Data Rich, Decision Poor
By Lissette Read, Former Educator & Curriculum Specialist
Throughout my twenty-five years as an educator in one of the largest and most diverse school districts in the U.S., I was afforded ample opportunities to observe and reflect upon a wide array of instructional practices. Often, these observational sessions were followed by collaborative conversations, which included data analysis and structured feedback for teachers and school site administrators alike.
Data Rich, Decision Poor
It became very evident to me that teachers, as well as school site administrators, were amassing a significant pool of student performance data without a plan for how to effectively utilize the data to inform and differentiate instruction. This practice of administering assessments for the sake of “administering assessments” resulted in a “Data Rich, Decision Poor” situation that came at a very high price — the loss of crucial instructional time devoid of any return on investment.
Gaining an understanding of the purpose of each of these assessments was one of the most effective ways of streamlining assessments, and, in turn, yielding student data that would effectively inform instruction to meet the needs of all learners.
But where do we begin?
We begin with a Broad Screener, which provides baseline data to facilitate insights about which students are on track to master on-grade skills, which students need additional support, and which students require the administering of additional diagnostic assessments to determine instructional gaps.
What comes next?
Placement and diagnostic assessments pinpoint instructional gaps that prevent students from gathering meaning from text. For districts concerned with the Science of Reading, these assessments are particularly important, because they pinpoint which thread of Scarborough’s Reading Rope needs to be intentionally activated.
How do we keep the pulse on instruction?
We use real-time data from ongoing progress monitoring, as well as formative assessments ingrained in daily instruction. Real-time data allows us to pivot our instruction to ensure we can provide intervention and extension opportunities when needed.
What is the final step?
We can determine students’ trajectory toward mastering on-grade-level skills through benchmark assessments. These benchmark assessments mirror how students will ultimately demonstrate mastery of skills.
At each point of this targeted assessment cycle, the use of data to identify students that would benefit from intervention and extension opportunities ensures all individuals receive the instruction they need when they need it.
I have learned many lessons throughout my career and the result of those experiences has led me to develop a philosophy of education that continues to be my guiding principle: I believe ALL students can learn and it is up to us as educators to facilitate the right instruction at the right time by utilizing student data effectively to ensure all students reach their full potential.
Mrs. Read is a graduate of Nova Southeastern University in South Florida; in 2004 she completed a master’s degree in educational leadership with a concentration in Curriculum and Instruction. Mrs. Read has 25 years of experience in the field, serving as a teacher, literacy coach and district curriculum and instruction supervisor with Miami Dade County Public Schools (MDCPS), prior to joining McGraw Hill as a curriculum specialist.

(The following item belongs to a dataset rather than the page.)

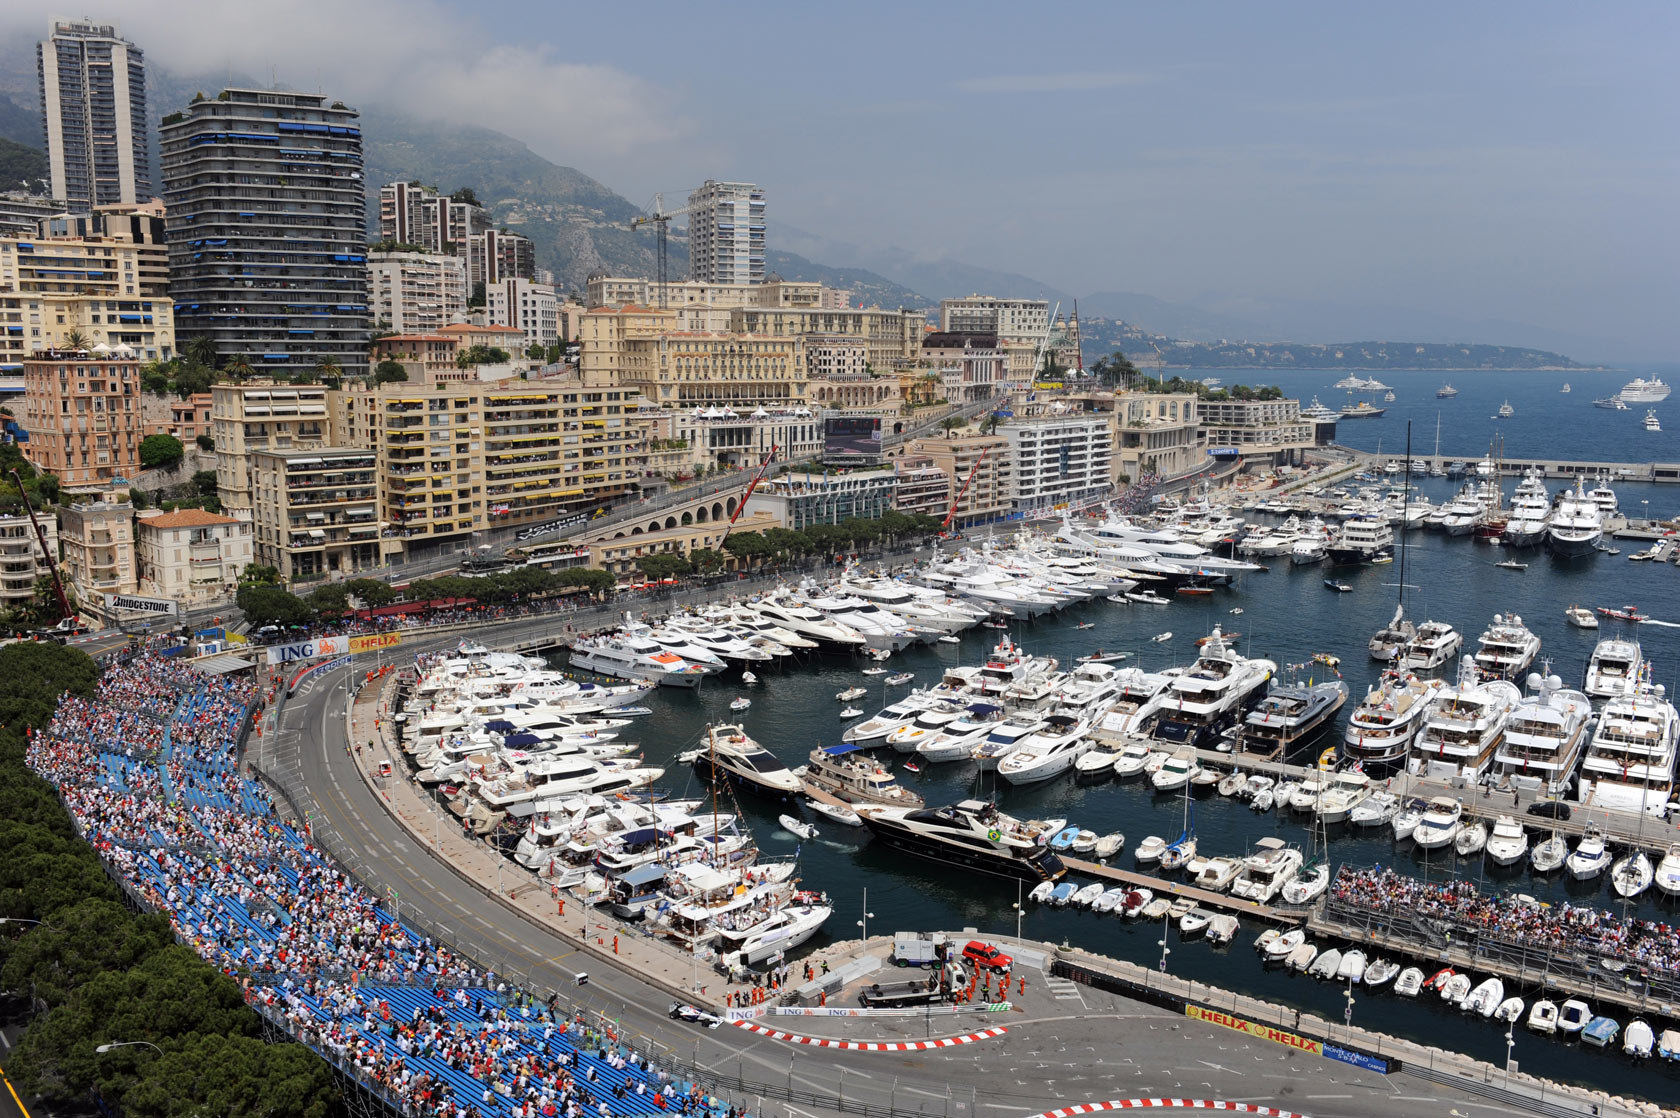 Circuit de Monaco - Monaco Grand Prix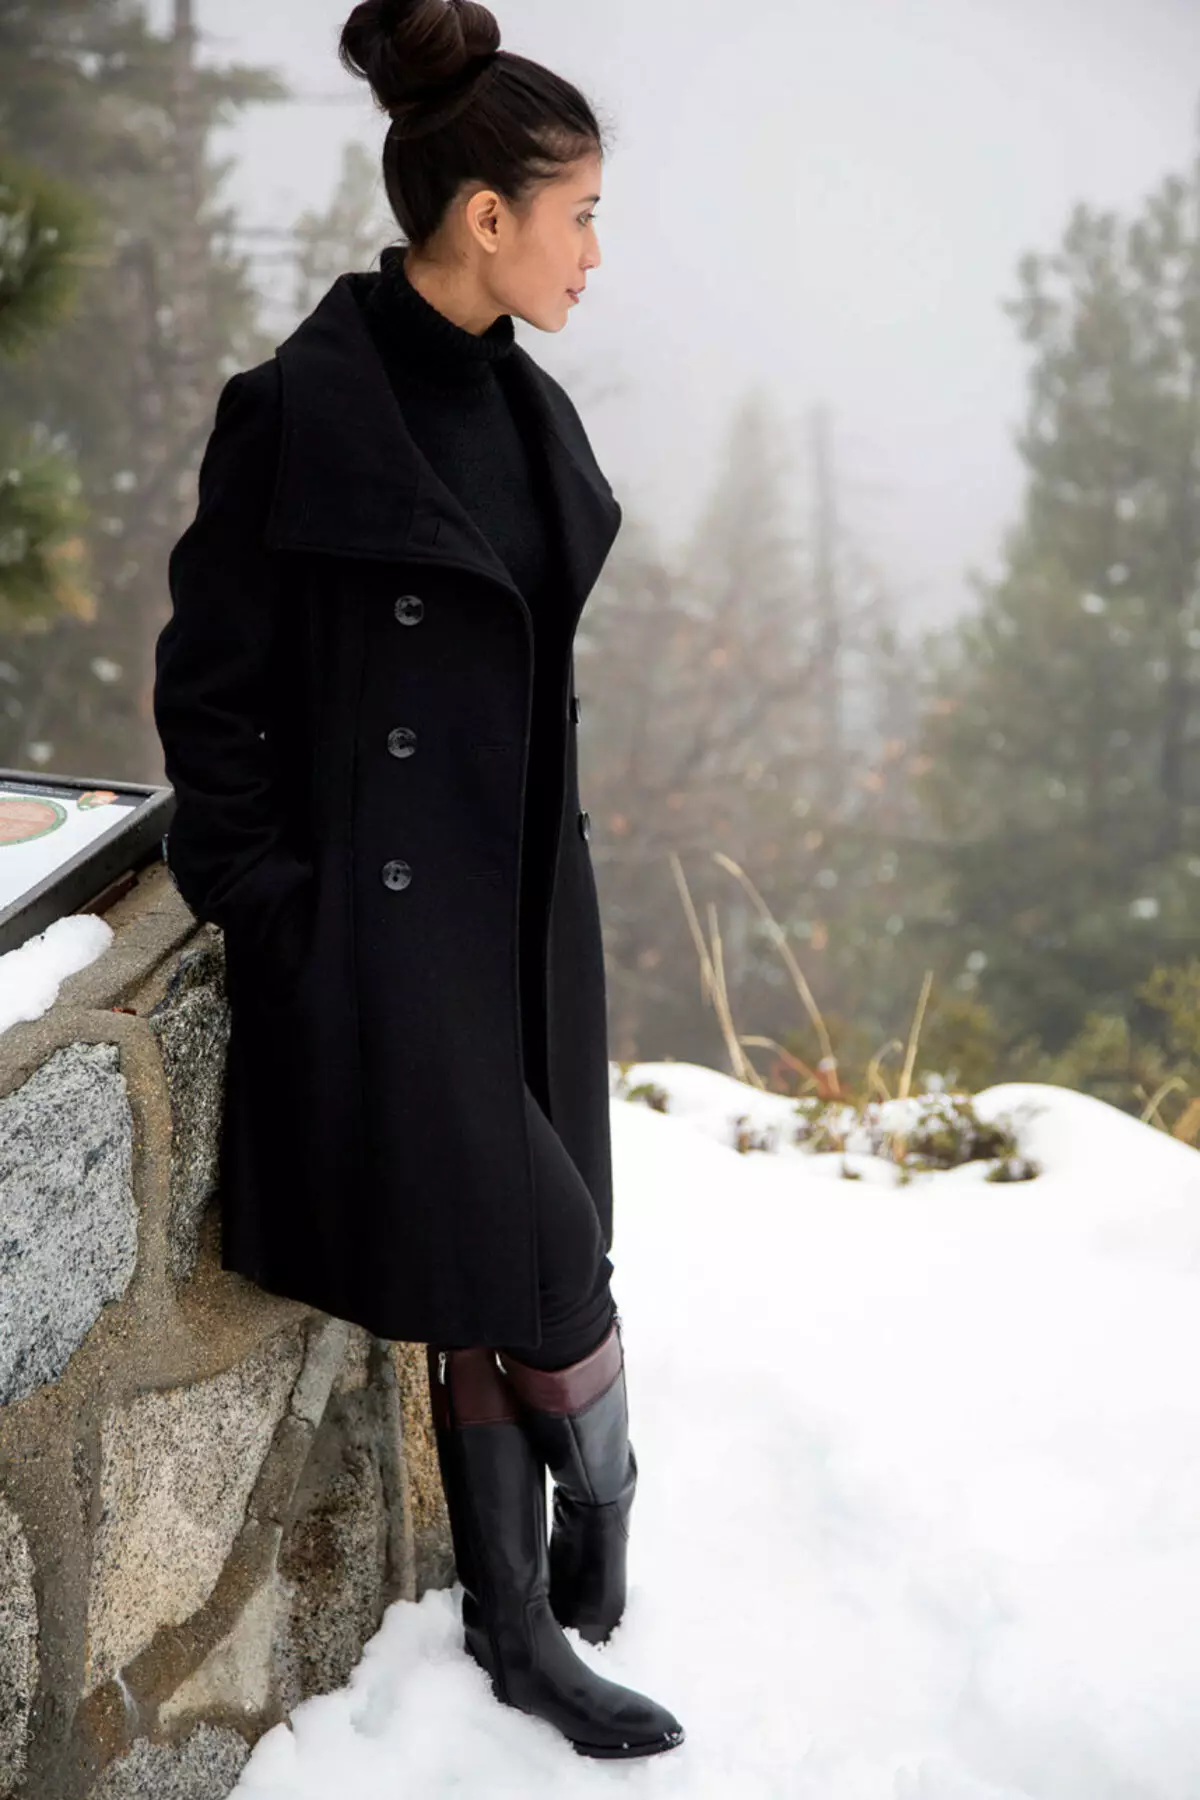 Kobieta czarny płaszcz (172 zdjęcia): długie, krótkie, z kapturem, czarno-białe, proste, skórzane rękawy, dopasowanie, skóra 611_4

During her time with MDCPS she implemented and supervised research-based programs for the district as well as provided support to the most deficient schools in the district. At these schools, she worked alongside teachers and administrators within a very culturally diverse and low socio-economic demographic. Her strategic, in-depth support included the implementation of research/evidence-based instructional practices for second language learners and the district’s most academically fragile students. This support included providing structured feedback facilitated by data analysis sessions with teachers and school site administrators.